Нежарко, несмотря на молодой еще возраст, было меж ними супружество. Это Каташе нравилось более всего – не глупые вспышки неприличной страсти, о которых она от подруг слыхивала, а ровный, ясный свет постоянно горящей лампады взаимной приязни и уважения освещал их брачное ложе. Плотская любовь, о которой так спокойно говорили древние греки и которую так вычурно обходили современые немецкие романы, не приносила ей ни малейшей радости и вовсе оскорбляла бы своей грубой телесностью, ежели бы не непревзойденная деликатность Сергея Петровича. Он и не беспокоил Каташу понапрасну. На втором или на третьем году супружества, когда родители забили тревогу по поводу их бездетности, очередной немецкий доктор составил ей реестрик, каких дней не пропускать.
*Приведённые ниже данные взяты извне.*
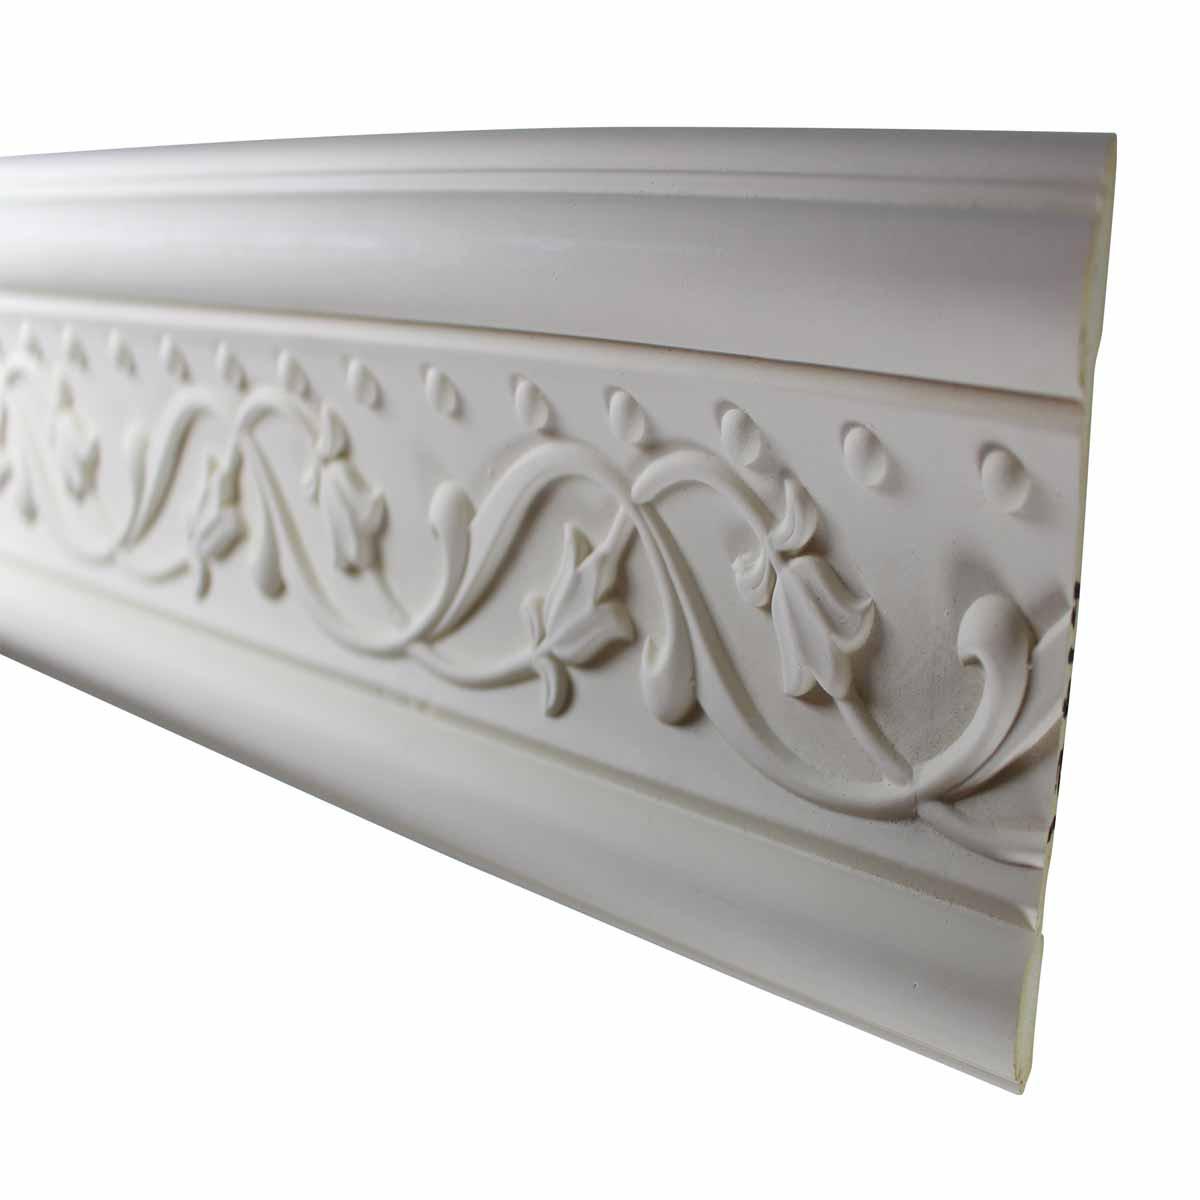 Cornice White Urethane Sample of 11600 24 Long Cornice Cornice Moulding Cornice Molding

Каташа, краснея, передала листок Сергею Петровичу, и с тех пор вопрос о продолжении рода был полностью в его ведении. И только тогда, в ту страшную ночь на 15‑е декабря, когда на нижнем этаже их особняка лопнуло стекло от первого же картечного залпа и когда они поехали ночевать к сестре, в дом австрийского посланника, тогда все вышло не так, как всегда. Именно поэтому она была почти уверена, что забеременела. Как непостижимо он был нежен! Значит, понимал, что расстаются они надолго, если не навечно. Бедный, бедный Серж! И утром эта записка: «Государь стоит рядом и говорит, что я жив и здоров». И сверху перед «жив» вписано: «буду». Жив и здоров БУДУ. Это несомненно означало, что государь обещал Сергею Петровичу жизнь. Впрочем, в семье так думала одна только Каташа. Папенька, граф Лаваль, за долгие годы своего камергерства вхожий во дворец, как в дом родной, принес известия и вовсе неутешительные. Императрица–мать, у которой он ранее был в чести, говорила с ним холодно. Сергей Петрович был бунтовщик из самых отъявленных, и его не собирались прощать. Каташа порывалась ехать сама, бросаться в ноги. Папенька отговорил покамест. Средство было крайнее, и его надо было придержать, пока обстоятельства участия Сергей Петровича в мятеже не станут яснее. А куда ж яснее – государыня сказала папеньке, что Серж был у мятежников диктатор. Каташа уже поняла, что в ноги бросаться надо будет не ей, и даже не добрейшей Александре Федоровне, а самому… Это было в тысячу раз страшнее, но и настолько же действеннее. Родители даже не рассматривали подобной возможности, тем не менее Каташа хорошо понимала, что сам Николай Павлович – это ее последняя и единственная надежда. Дело в том, что она когда–то уже беседовала с Николаем Павловичем.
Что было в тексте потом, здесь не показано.